Friday, July 03, 2009

Caledonian MilitiaMan Wins In Court

Gary McHale's name comes up a lot when you're reading about the on-going troubles between native and non-native in Caledonia, usually in a negative context, as for example when Northern Alliance Members show up at his rallies. But one of the tactics that McHale and his followers have employed--laying private charges against native protesters, and against OPP officers who have allegedly failed to arrest or in fact aided native protesters--seems to have borne fruit. The full ruling is here, and the money passage below:

Now, my early morning pre-coffee reading of this ruling suggests it is fairly limited in scope.
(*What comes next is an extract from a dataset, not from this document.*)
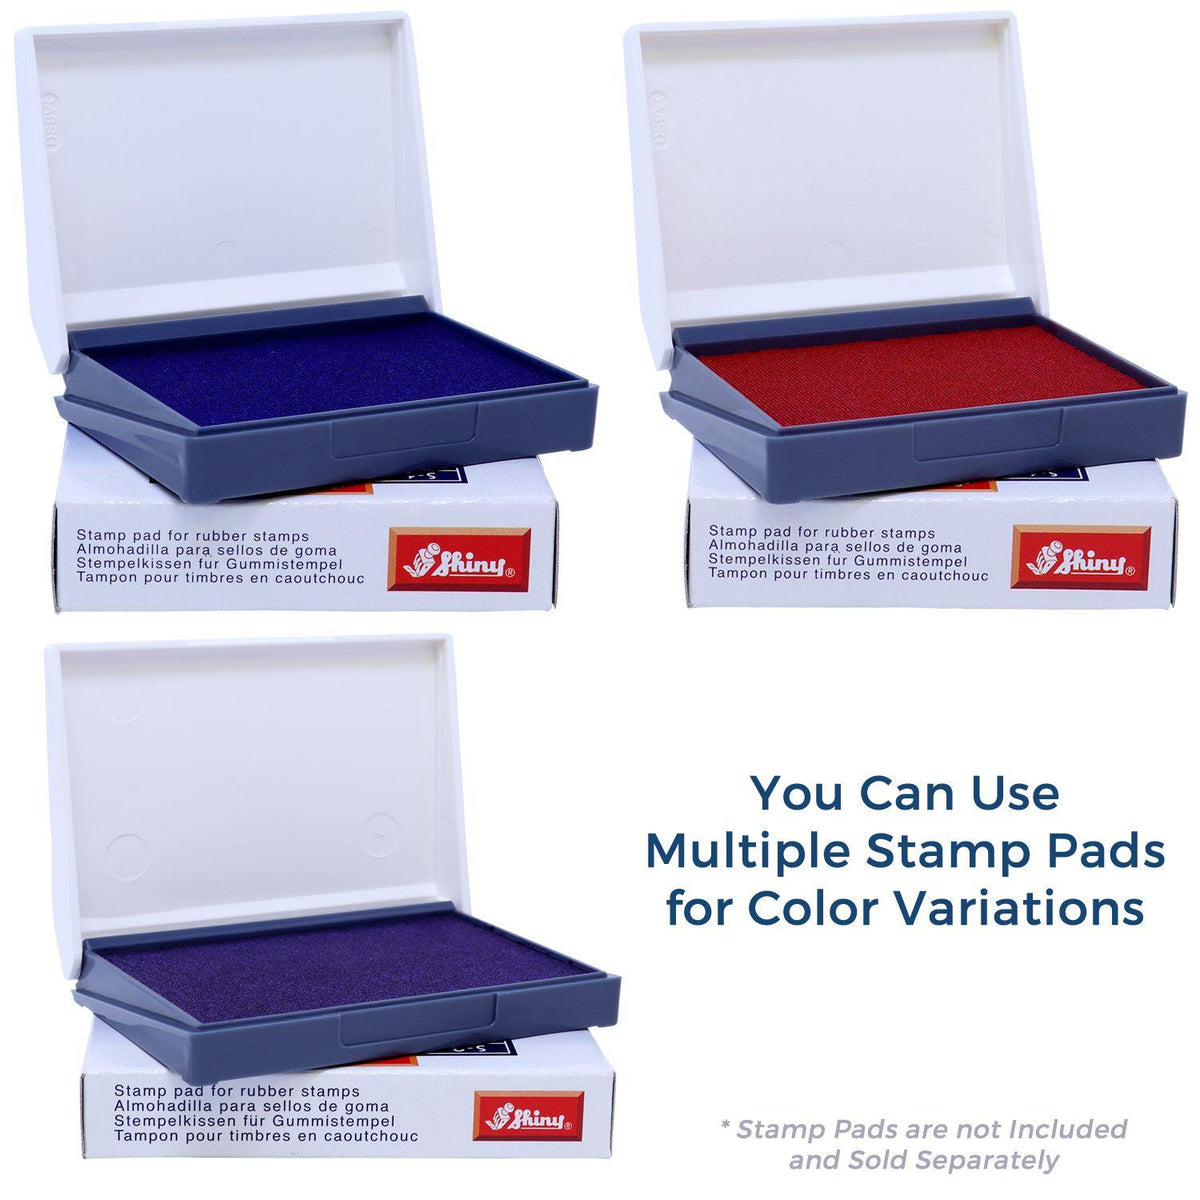 Stamp Pads for Dated Material Open Immediately Rubber Stamp Available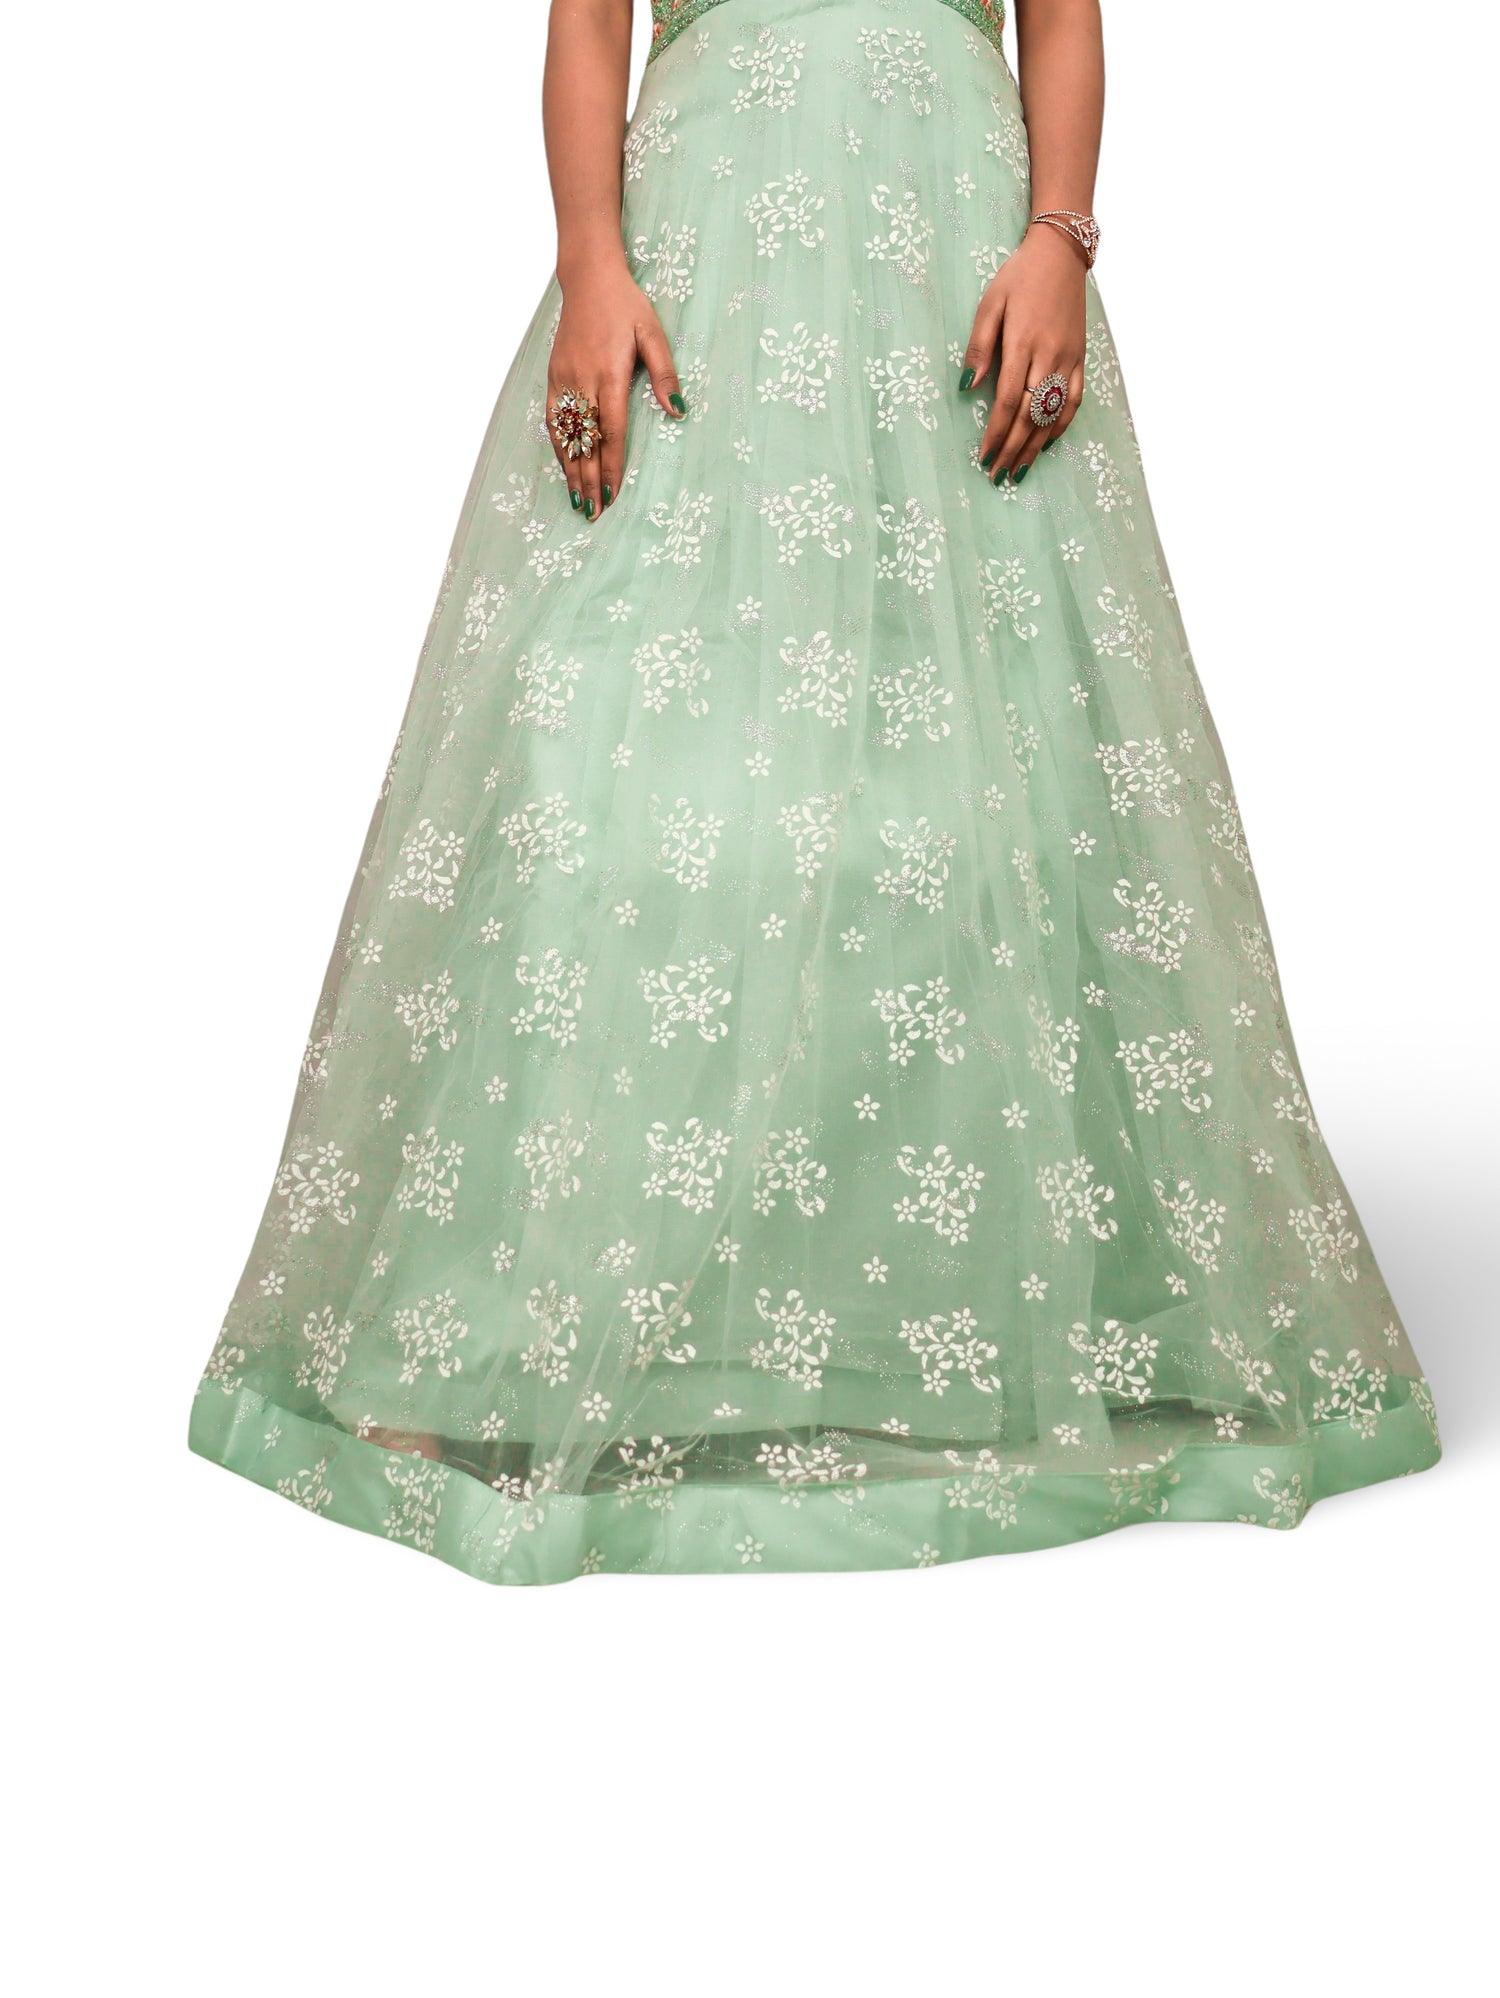 Gown with Stone Work &amp; Embroidery by Shreekama Pista Green Designer Gowns for Party Festival Wedding Occasion in Noida

The police have been telling McHale and co. that, look, these charges are just going to get stayed, so we won't let you lay them in the first place. The judge is saying "no", these are two separate events, and the 2nd (where the charges get stayed) follows the 1st only after a certain amount of processing by the justice system.

So, while the charges McHale files will still get tossed eventually, he will be able to use the justice system to lay a hassle on the police and natives on the other side of the barricades.


Ti-Guy said...

Christ...militia. Draft 'em all and send 'em to Afghanistan if they're so intent on defending something. Besides, boot camp is a great weight loss program and a lard-ass like McHale would certainly benefit from it.

Robert G. Harvie, Q.C. said...

BCL, thank-you for bringing this decision to your readers attention.

While I'm not fully familiar with McHale and his goings-on personally, the decision is incredibly important and, in many respects, more significant that one might at first blush understand.

As a lawyer, I don't often have the opportunity to have pride in the work of our Judiciary. This decision, I have to say, is excellent.

Finally, we see a Court giving respect to the concept that the State is not above the law, and that citizens do have some limited rights to demand accountibility of the Crown.

The point made by the Justice in question is that Parliament has, for many years, maintained the right of private citizens to institute private prosecutions.

They have that right, and cannot be denied that right, summarily, by the State.

The result is that the Crown, the "state", cannot show preference and arbitrariness in how they choose to apply the law - particularly in cases where it is suggested that an agent of the State has broken the law.

Think about that for a moment.

You believe that you have reasonable grounds to believe that an agent of the government has, oh, perhaps tortured a terrorist suspect.

This ruling basically says you are entitled to file that information, and to present it to a Justice for process without the Crown being entitled to summarily interfere and dismiss the information.

Now - it may be the case that upon the charge coming before the Court, the Crown may choose to stay the prosecution - but at that stage, we are in the public eye. And we are before a Judge, who is, in theory, independant of the State.

Certainly, the Crown can stand up and say, "We are staying this charge", but by that point, perhaps, the Press is there, and may have some pointed questions for the government regarding that direction.

An excellent decision, pure and simple.

granny said...

An excellent decision ... already made by the Supreme Court, and simply confirmed here.

It is the one useful thing Gary McHale has done, though.